The neurotransmitter acetylcholine binds to two types of receptors, the muscarinic and the nicotinic receptor. Kohonen maps of the van der Waals surface of muscarinic agonists (muscarine, atropine, scopolamine, pilocarpine) and nicotinic agonists (nicotine, (+)-anatoxin a, mecamylamine, pempidine) have also been produced by projecting points of the 3D surface on a 2D space.29 Such maps allowed the total molecular electrostatic potential (MEP) of a compound to be represented in a single picture, instead of requiring a series of pictures as formerly. Johnny showed the maps of the MEPs of the eight compounds with muscarinic agonists in the top row and nicotinic agonists below.


The results showed that the MEP is important for the binding of these compounds to their receptors. The Kohonen maps reflect significant characteristics of the MEPs and can therefore be used in the search for biologically active compounds.

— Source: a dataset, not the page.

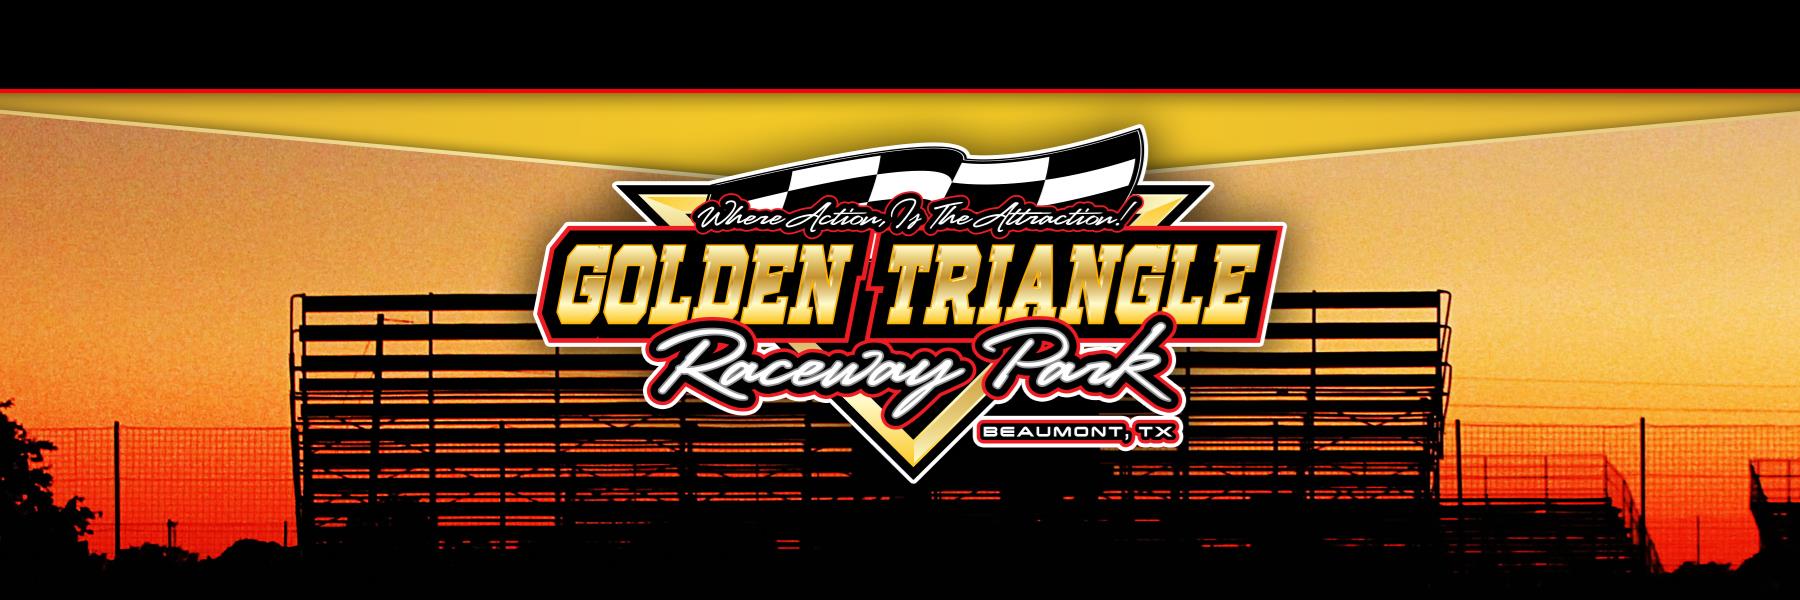 7/20/2019 - Golden Triangle Raceway Park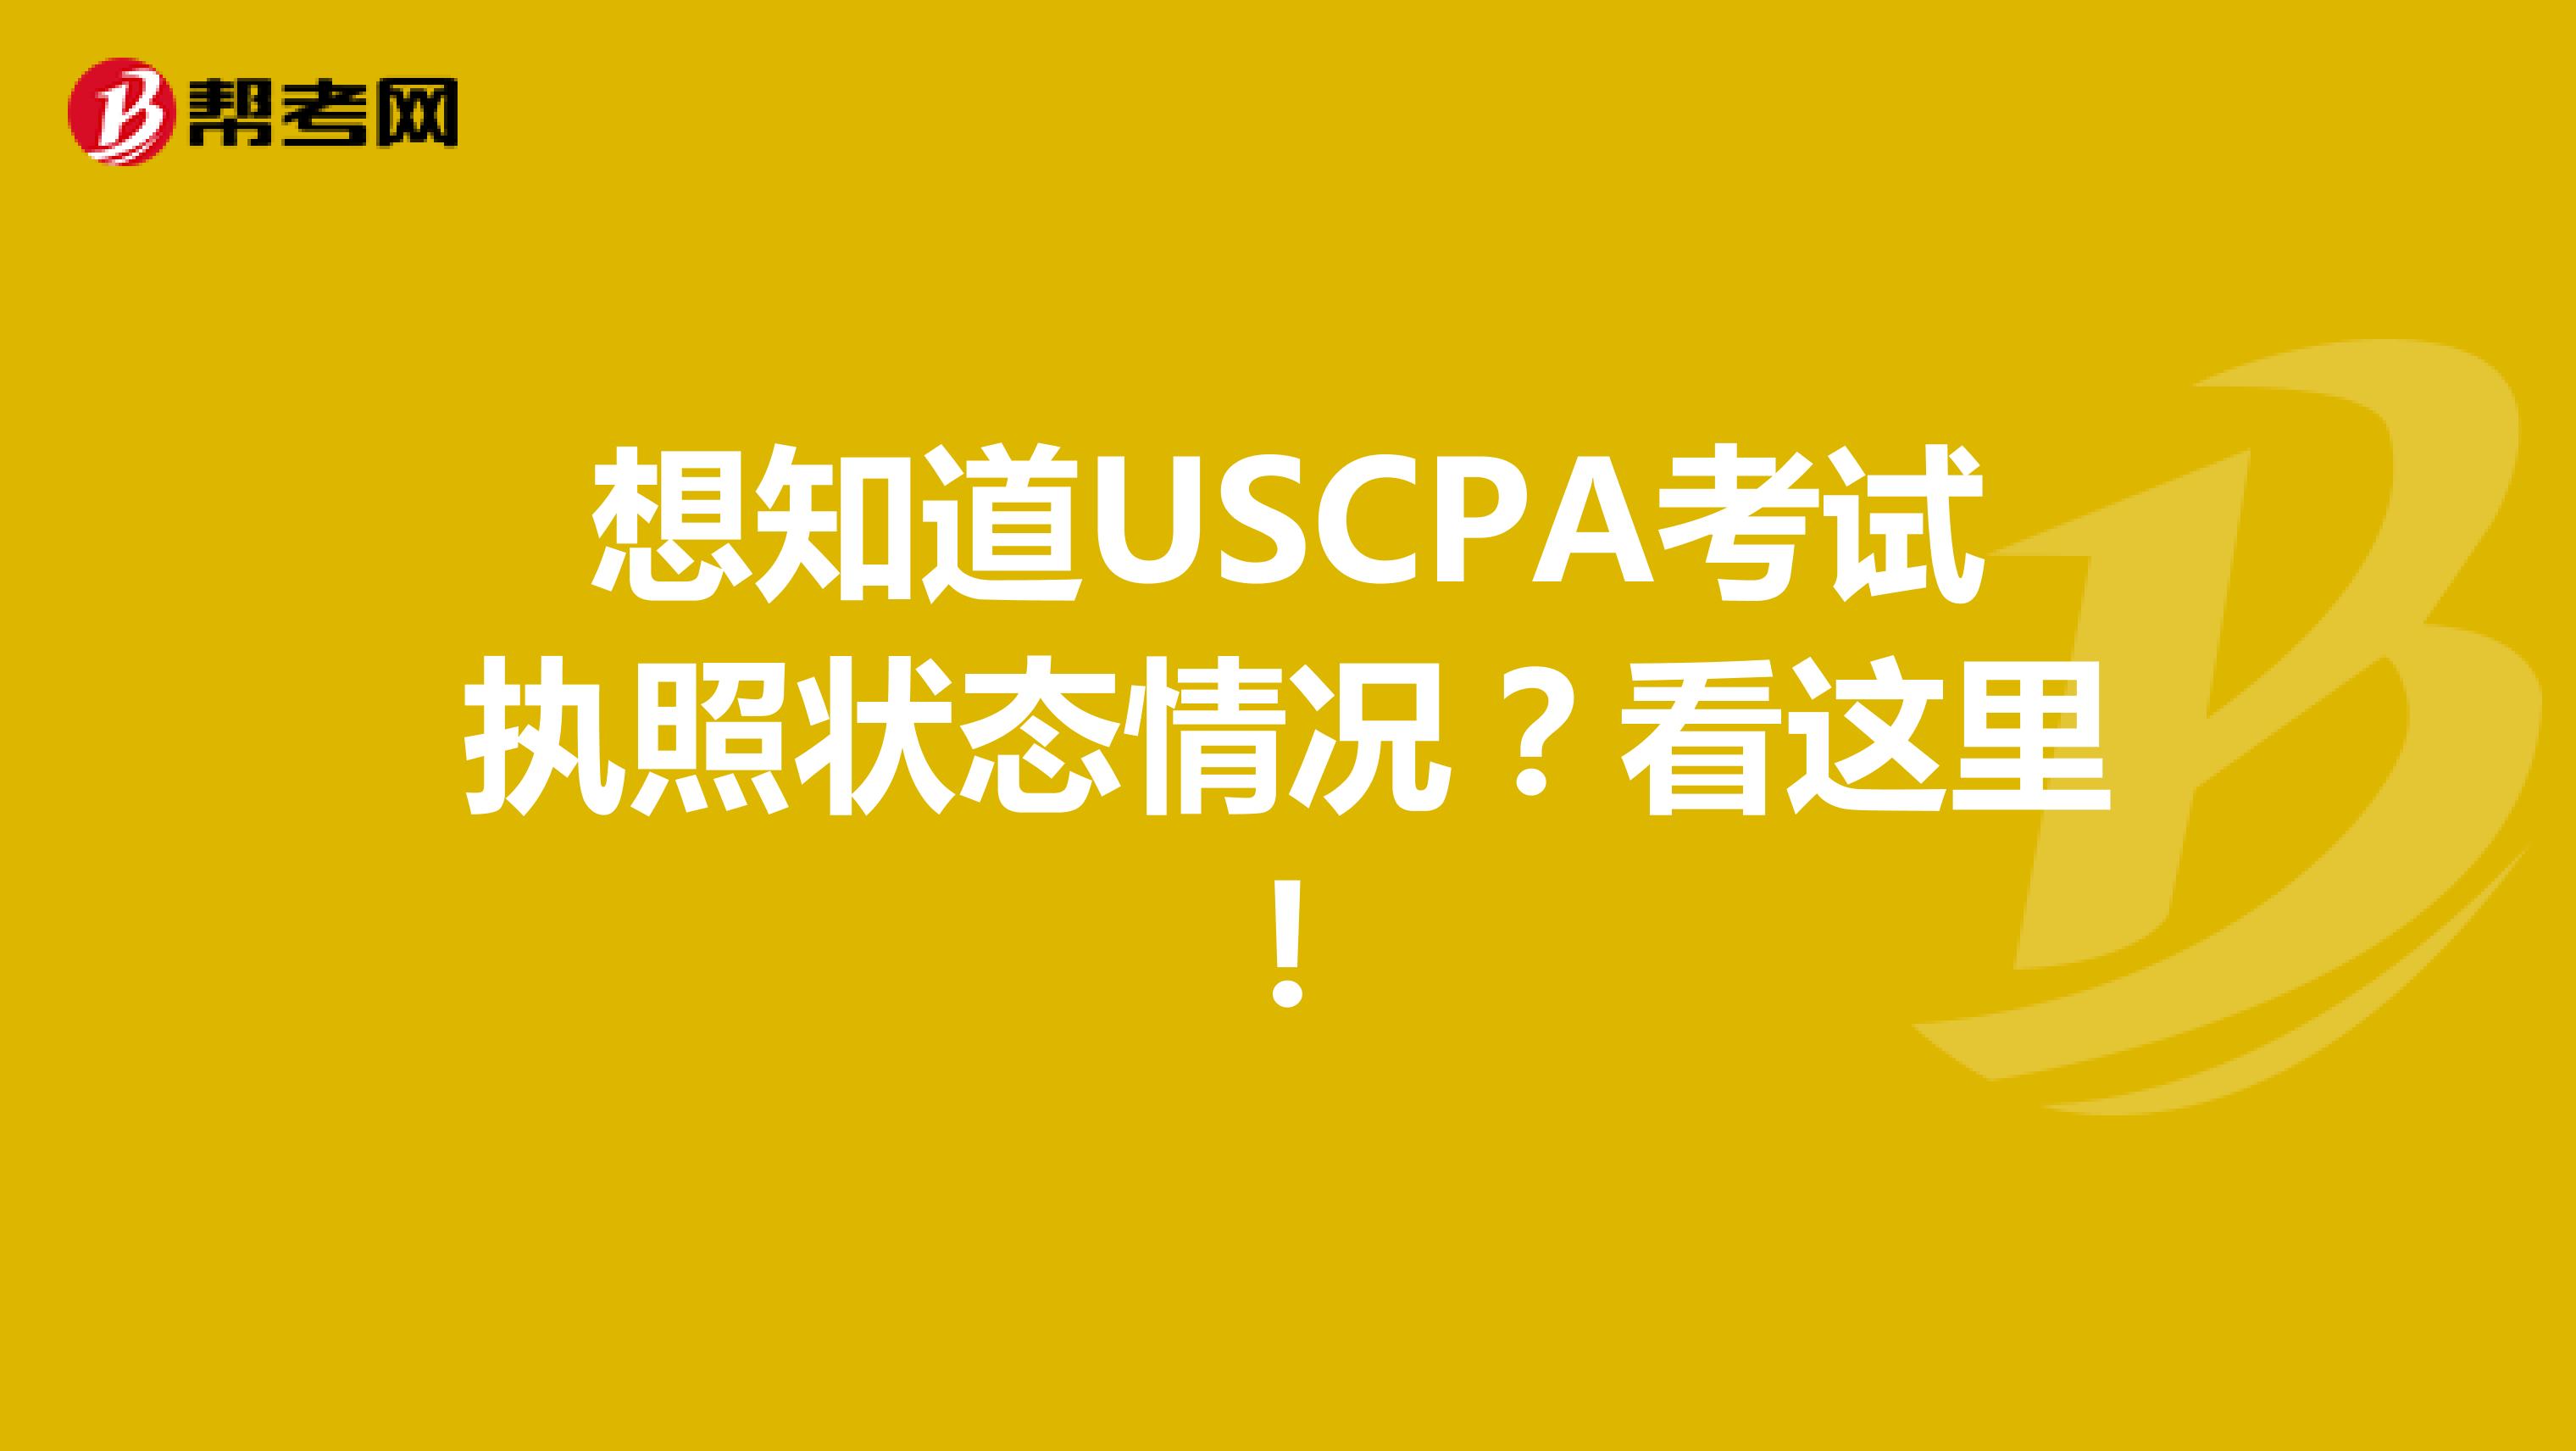 想知道USCPA考试执照状态情况？看这里！

In analytical chemistry, neural networks have been used in the classification of Italian olive oils.30 The classification was performed on a set of 572 Italian olive oils, from nine different regions, on the basis of an analysis of eight fatty acids. Kohonen learning was superior to a network using the back-propagation of errors. There were 250 oils in the training set and 322 in the test set; 312 of the 322 were correctly predicted. The nine Italian regions were nicely differentiated in the Kohonen map. What is, however, even more interesting is that the Kohonen map is reflecting the map of Italy. This emphasizes the power of unsupervised learning, discovering information that is hidden in the data. In this case, clearly, the different climates and the different soils are responsible for the separation of the regions of Italy in the self-organizing map:

Kohonen Map

Kohonen networks use unsupervised learning. Johnny next discussed examples of supervised learning. In one experiment the electronic properties located on the atoms of a molecule such as partial atomic charge, and electronegativity and polarizability values were encoded by an autocorrelation vector accounting for the constitution of a molecule.31 Using the 49-dimensional vector of seven properties and seven distances, it is possible to distinguish between 112 dopamine agonists and 60 benzodiazepine receptor agonists even after projection into a Kohonen map. The two types of compounds can still be distinguished if they are buried in a dataset of 8,323 compounds of a chemical supplier catalog comprising a wide structural variety. The method can be used for searching for structural similarity, and, in particular, for finding new lead structures with biological activity.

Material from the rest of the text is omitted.